Age? Aw, come on, man. Okay so, my full name is David Owain Hughes. I'm from South Wales in the UK, and I'm 34 years old. I've been writing for approximately 15 years. Would the interviewer like to know something quirky about me?
Please. The quirkier, the better.
Okay, all right. A little birdy told me that you were hoping to put me on the spot. Here's the most awkward question answered for you: It's six inches and it looks like a banana. Actually, it doesn't look like a banana cause it's not yellow. It's as fat as a banana, yeah, that's a good one.
Let's change the subject. What was the first story you ever wrote? I read in another interview that you liked to write stories that would freak out your teachers in school. What was the first?
Laughs Oh, man, that is so true. I actually remember two from my school days and I'm pretty sure I've got them lying around somewhere. My best friend teaches in the school we used to attend, and he came across my work when he was cleaning out the cupboards there one day. He gave me the stories and the one story in particular that I remember was a werewolf story, and it was about this guy who got trapped in this house, and this werewolf is in the house with him. Somehow, the hero manages to make silver bullets in the kitchen. I mean, I don't know how the fuck he managed it without a mould, but yeah, that's one of the first stories I remember and yeah. I'll always remember some of the comments of the teacher – something like, “good imagination” but it was filled with all sorts of red pen, but fuck yes, I was only young. The imagination was there, I suppose. Apart from that, the only other one I can remember is a Friday the 13th-style story where every fucker gets chopped up.

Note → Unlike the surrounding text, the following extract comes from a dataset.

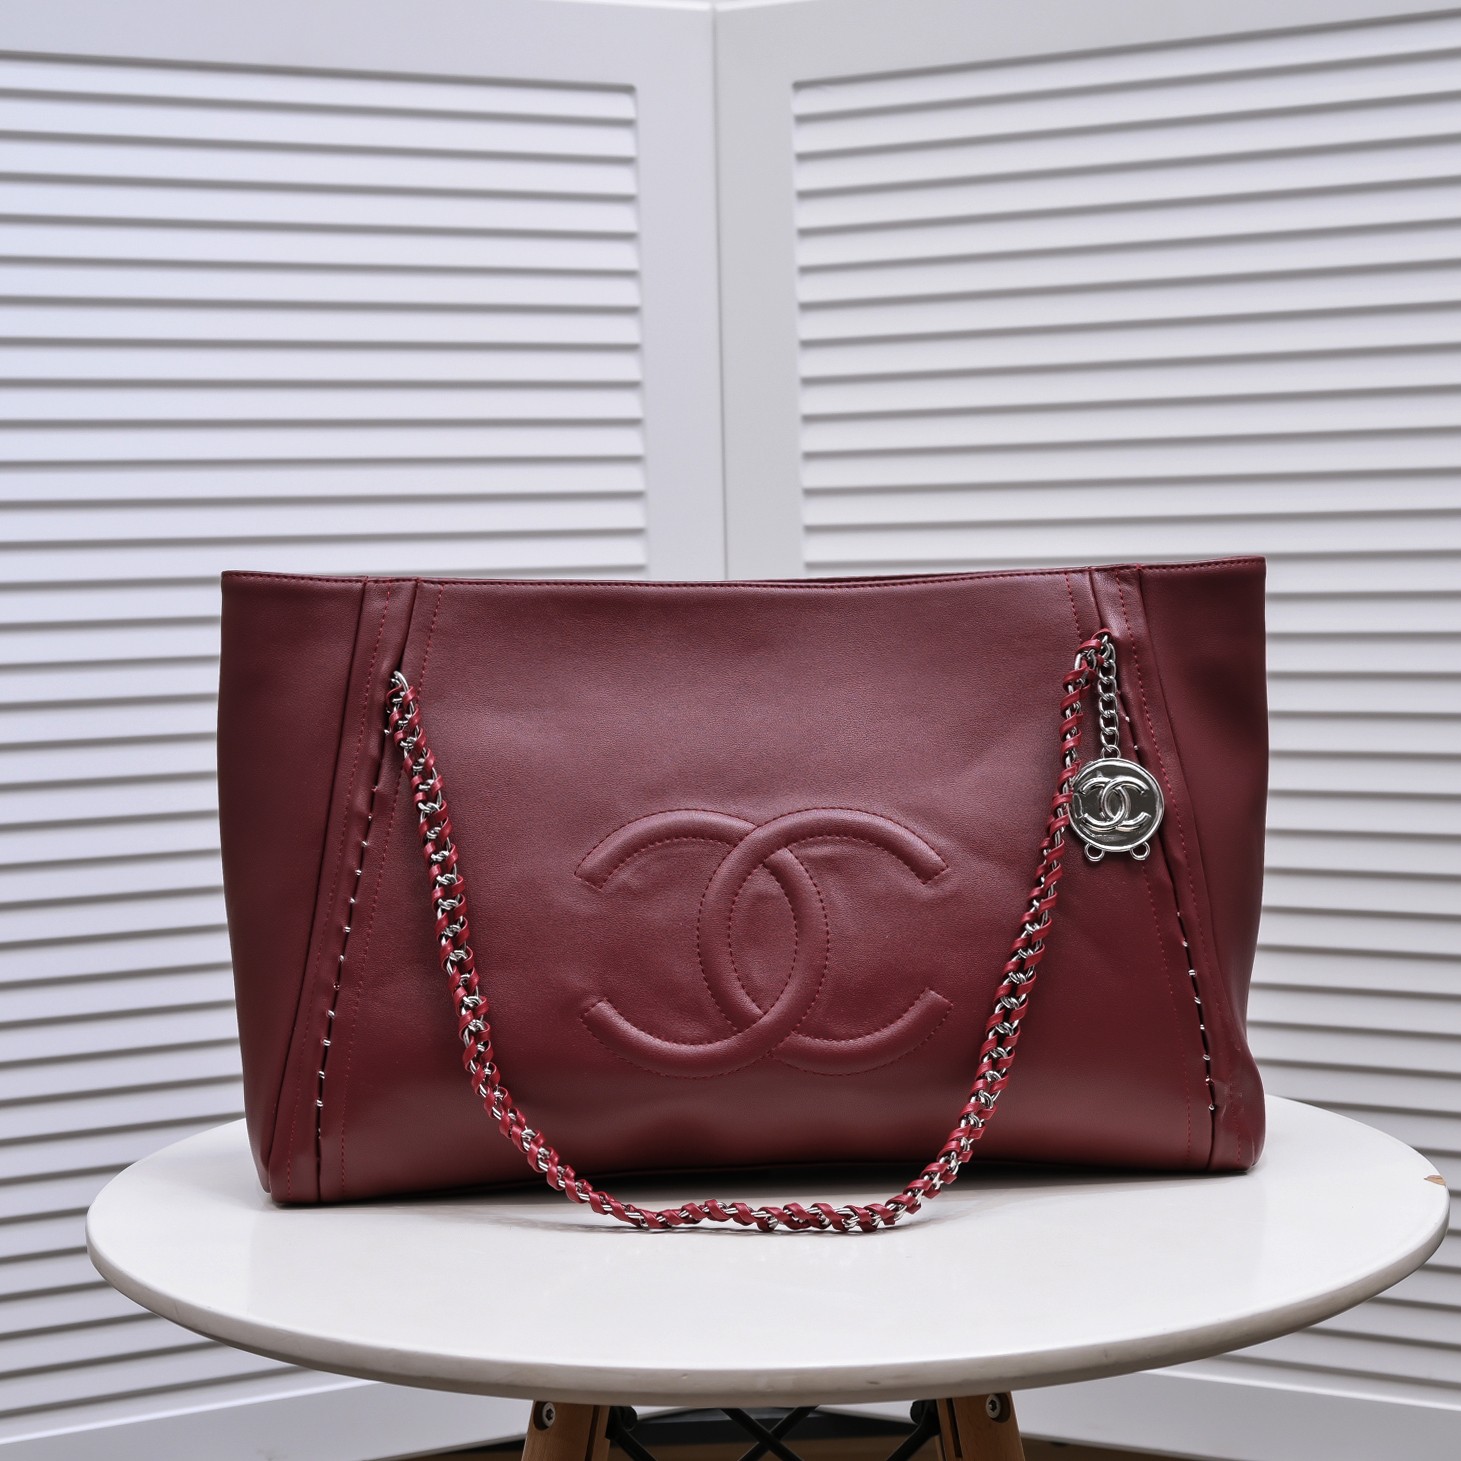 CC Soft Calfskin Shopping Bag Top Handle red/white

How old were you when you wrote that story?
I must have been quite young. I mean, I was watching the Friday the 13th films, so I'm going to say – ten, maybe eleven.
You wrote a slasher story when you were ten?
I did. I wrote that story when I was ten or eleven. I was heavily into the Friday the 13th films. I mean, I grew up on American eighties slasher films and horror flicks, so it was destiny.
You write extreme horror, but have you ever branched out and written anything in any other genre?
Do you know what? I don't think I have. Not for my own writing anyway. I may have done sort of small pieces here or there for university work when I studied my creative writing, but I wouldn't go out of my way to write anything other than horror. I love horror and I've loved it from such a young age that's it's been instilled in me. I think I'd find it hard, actually, to write something that didn't have a “fuck” or a “cunt” in it – or a knife or a pair of tits – I would find it hard.
You've collaborated with a couple of different authors. Are those books extreme horror?
The one I wrote with Sara Dale, that's not extreme horror, but the main character, the guy I wrote, Gerald, he's quite a naughty kind of guy, and he does some nasty things within the story, but you couldn't call the story itself extreme horror. It's more of a sort of espionage thriller but he's a stock Hughes character, I'd say.
Was that one fun to write?
Oh, yeah. It was extremely fun because this main character, this Gerald, he's just this psychotic hit man who doesn't care what he gets up to. So, yeah. Much fun.
Who has been your most popular character to date?
Laughs. We both know who that is, don't we? I think the reviewer's being a little bit coy.
I'll assume we're talking about Simone from Wind-Up Toy. Tell me where the idea from Simone came from. How did you create such a messed up character?
By looking in the mirror. Simone is pretty much – he's pretty much come from me. Obviously, I haven't got killing tendencies. I would never cut somebody and leave them in a fucking suitcase on the side of the road, although I have felt like it sometimes. But the rest of Simone is sort of – his sexual deviance and some of his personality – you'll find a lot of me in him. If you sat down and got to know me, I think you would say, “That's Simone, right there.”
Were you afraid to admit that to anyone?
Definitely not. In fact, I probably enjoy indulging in the fact that Simone is me. I love telling people that this guy is based on me. I don't know if people sort of wholeheartedly believe it – that this guy is actually part of the author. No, I love indulging in it. I love it. That's me, I suppose. I'm quite frank and open about shit. I don't kind of beat around the bush; I say exactly what I want to say. I dunno, some people can't fucking handle that. I think it's funny to catch somebody off kilter with something totally off the cuff, just to see the fucking expression on their face. I've got a nasty habit of being able to shock with the first few words out of my mouth.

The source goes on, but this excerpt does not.